Right now, we have a change in a computer catalog that occurred while WotC offices are closed down for the holidays. We haven't heard from anyone because they're all spending time with their families instead of monitoring our nerdrage. Let's wait until people are back in the office and they realize what we're all buzzing about before we jump to any conclusions.


----------



## davethegame (Dec 28, 2010)

In '09, there ended up being some shuffling of products from what was announced at Gen Con to the announcements at DDXP (that ended up being the actual schedule.)

Gen Con '09:  GenCon 2009: 4e Extravaganza (with Photos) : Critical Hits
DDXP '10: Critical Bits for the week ending 2010-01-31 : Critical Hits

Gen Con had no mention of Essentials or Gamma World, and from what I understand, Essentials had a pretty short turnaround compared to other products. I wouldn't be surprised if they've decided to re-do the schedule for next year since they can produce products on a shorter time frame and have gotten reactions to Essentials. Further evidence of some shuffling is this: Arcane Springboard: New unannounced D&D 4e products coming?

For reference, Gen Con '10: Gen Con 2010: D&D New Products Seminar : Critical Hits

I'd be pretty sad if the Emporium book disappeared- magic items, especially taking into account the new rules, are an underdeveloped part of the system right now. Unless we're getting a bunch of updates digitally to classify old items (and more than just saying everything's uncommon), it's going to remain a weak point.


----------



## pedr (Dec 28, 2010)

The downloadable instructions for Season 4 of Encounters says that, while the printed adventure says that Class Compendium is available for character creation, it is actually not (going to be) available. 

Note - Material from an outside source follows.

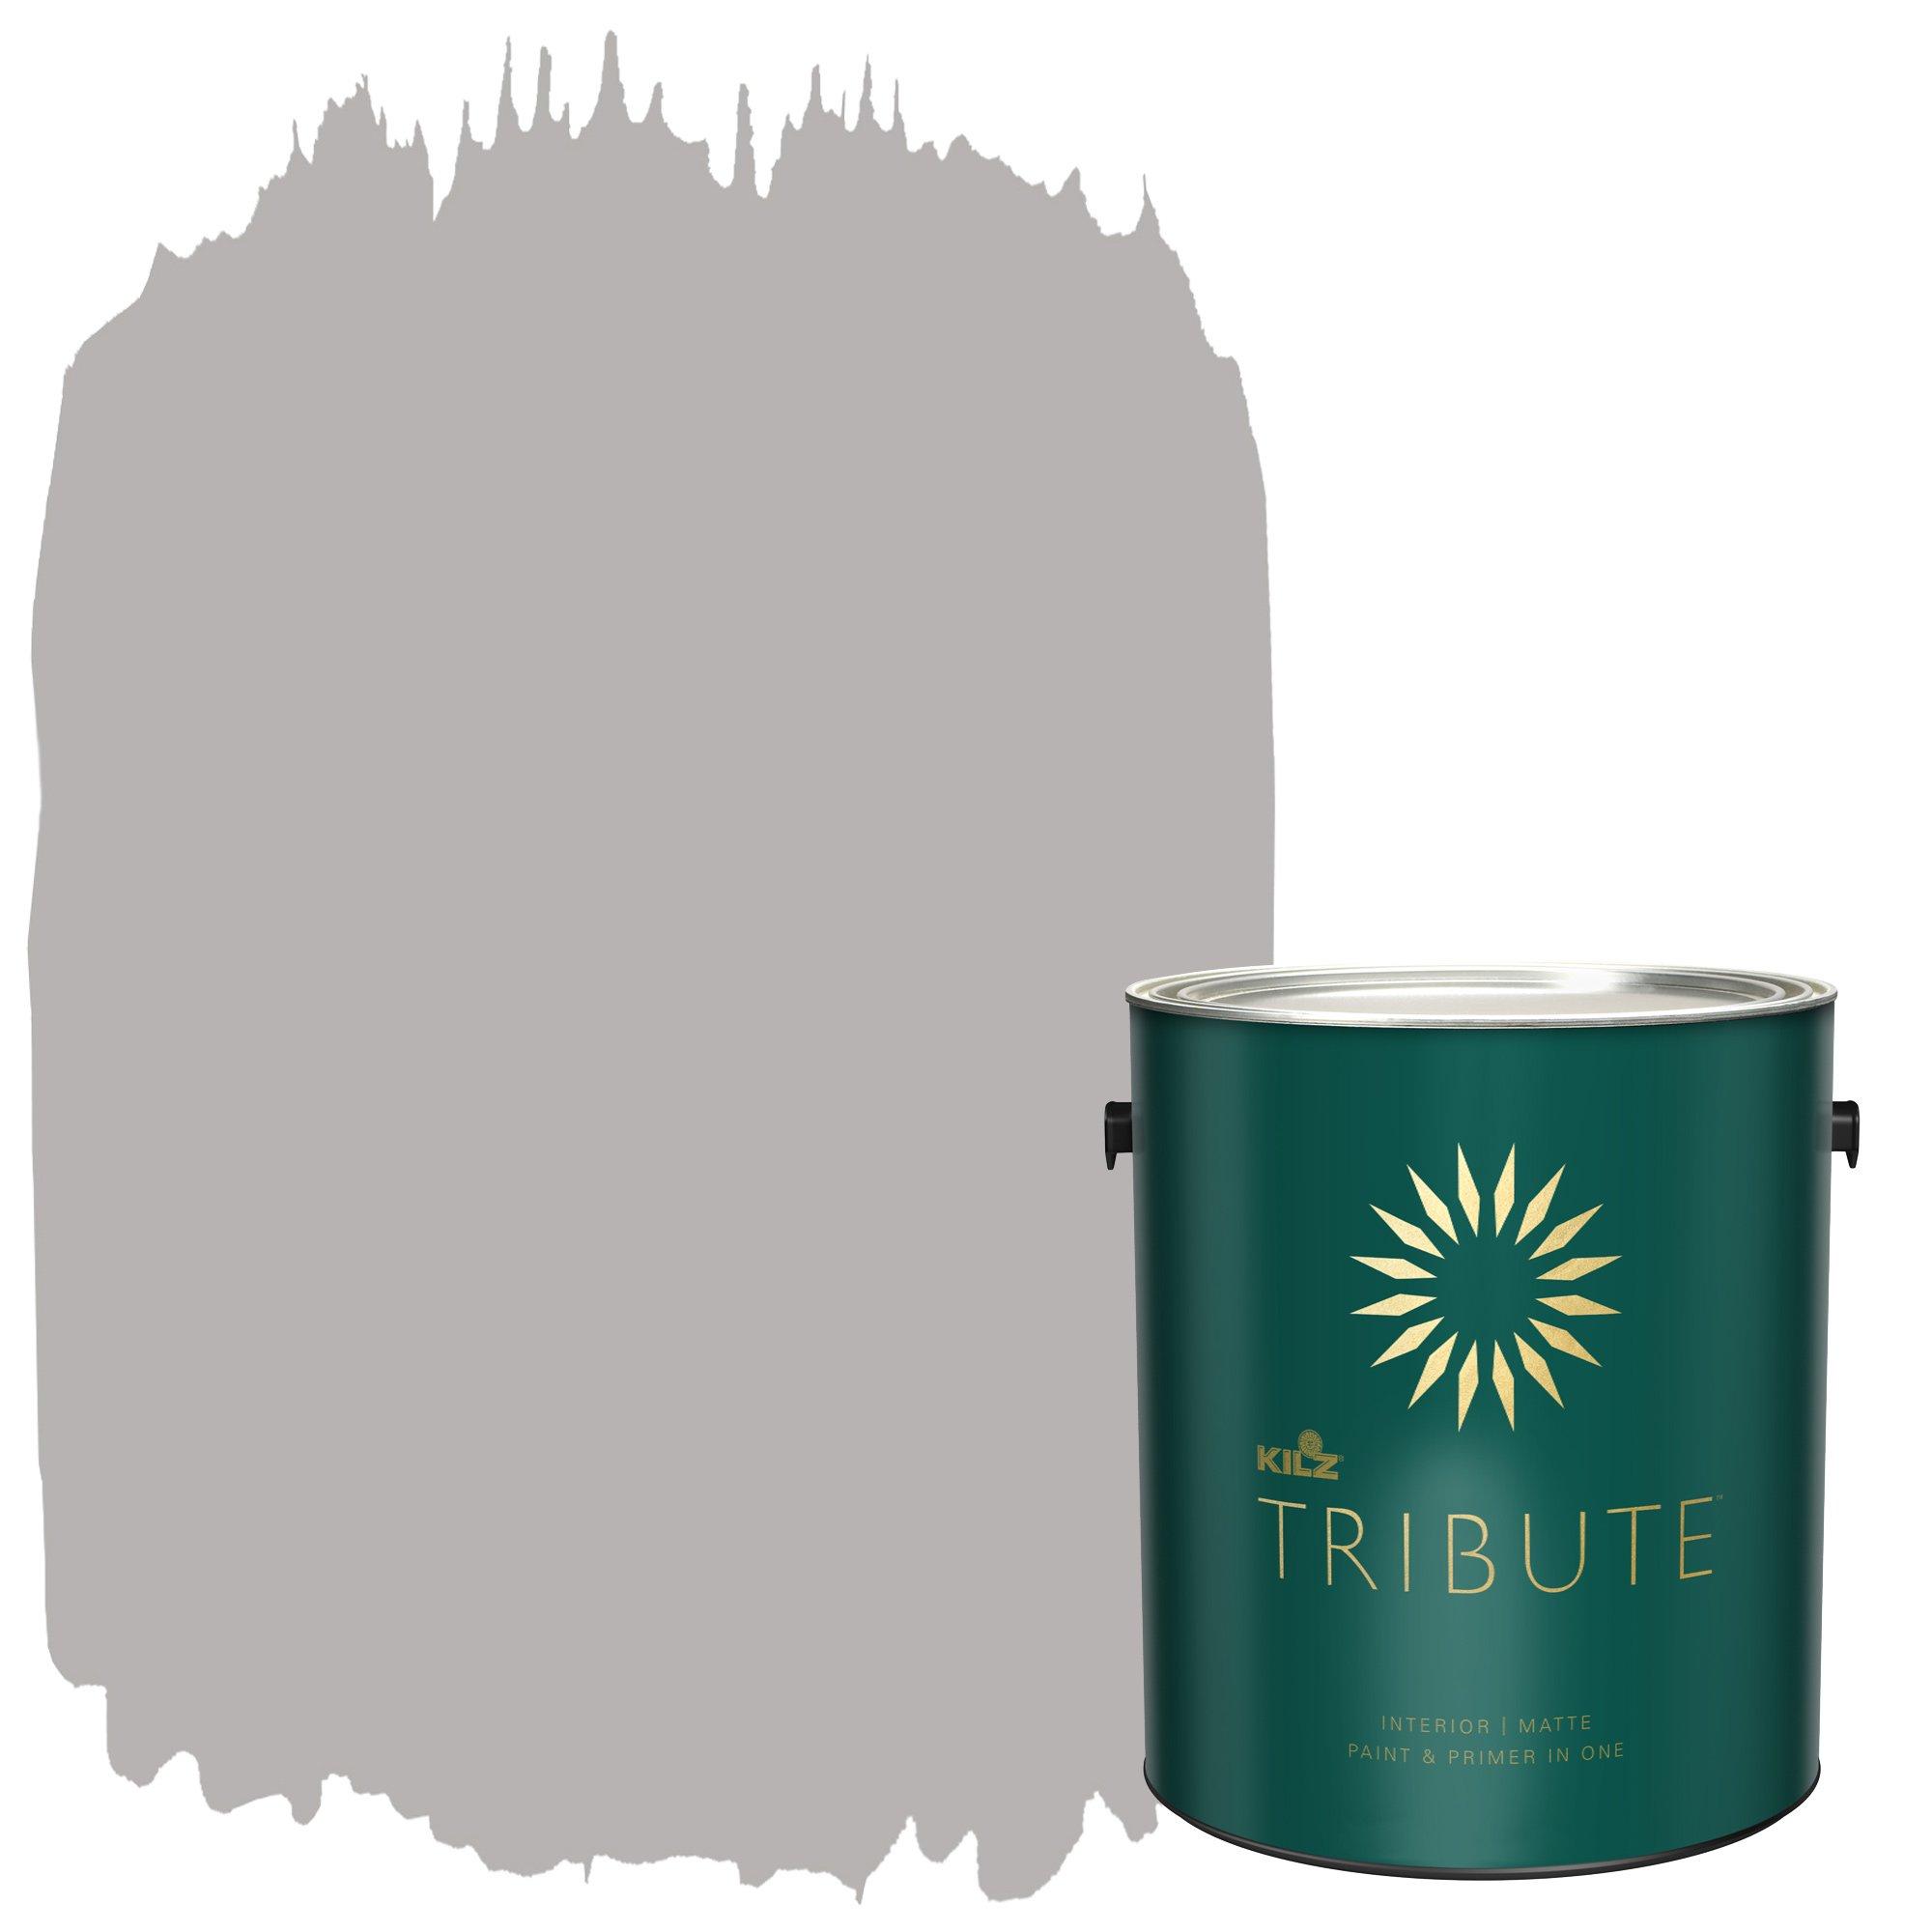 KILZ TRIBUTE Interior Matte Paint and Primer in One, 1 Gallon, Postcard (TB-25)
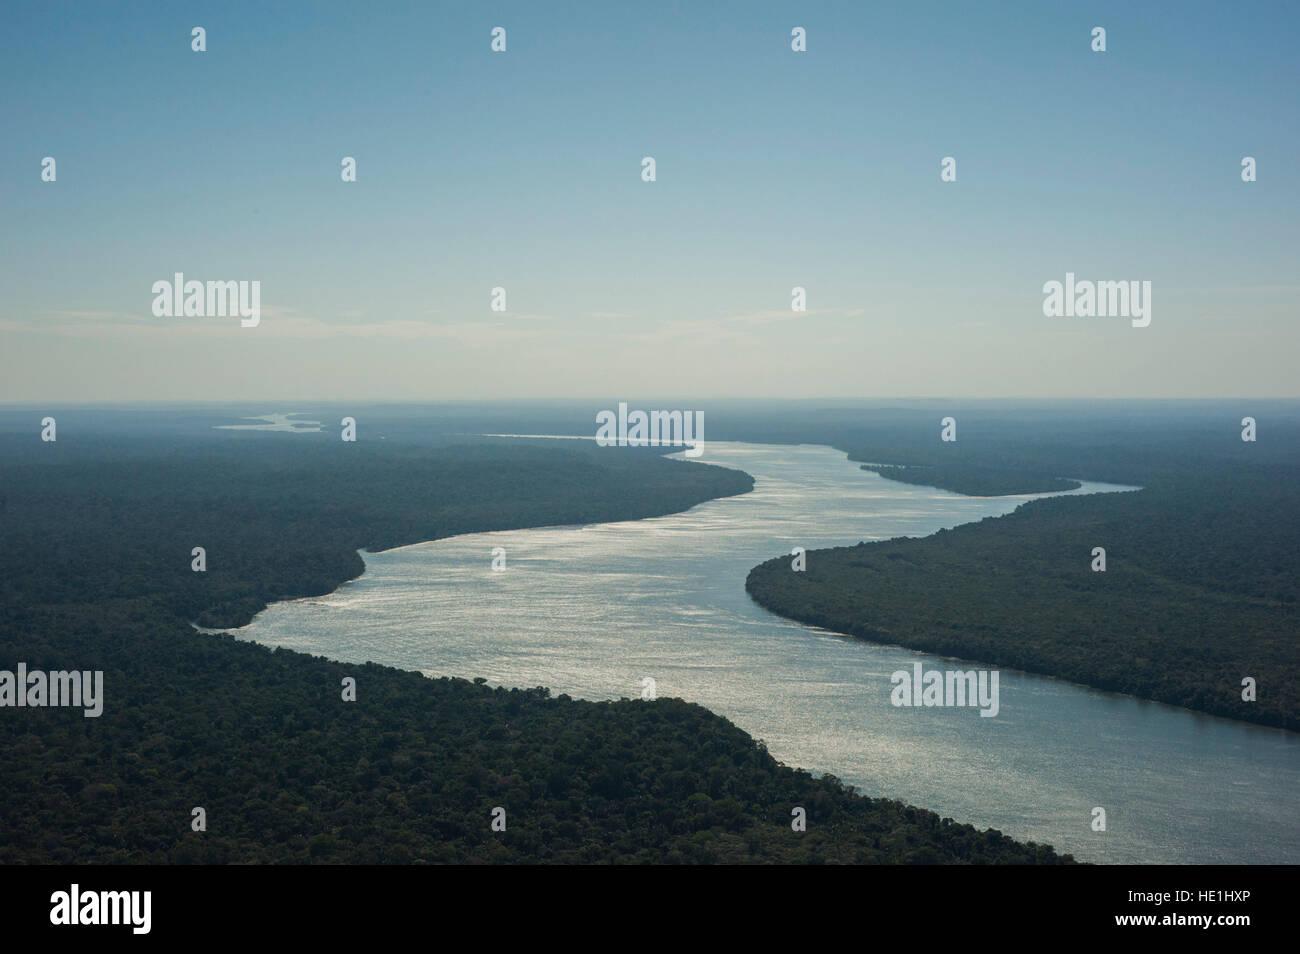 Juruena aerial view taken at the Juruena National Park, Brazil. - Stock Image

So there is confirmation that WotC are not expecting the Class Compendium to be released in time for a Feb 9th event. 

The instructions do mention the shadow-based products as part of Season 5 so they still seem to be planned. ("NEXT SEASON: THE DARK LEGACY OF EVARD Get ready to take a walk on the dark side in the next season of D&D Encounters, featuring material from Heroes of Shadow and The Shadowfell: Gloomwrought and Beyond!")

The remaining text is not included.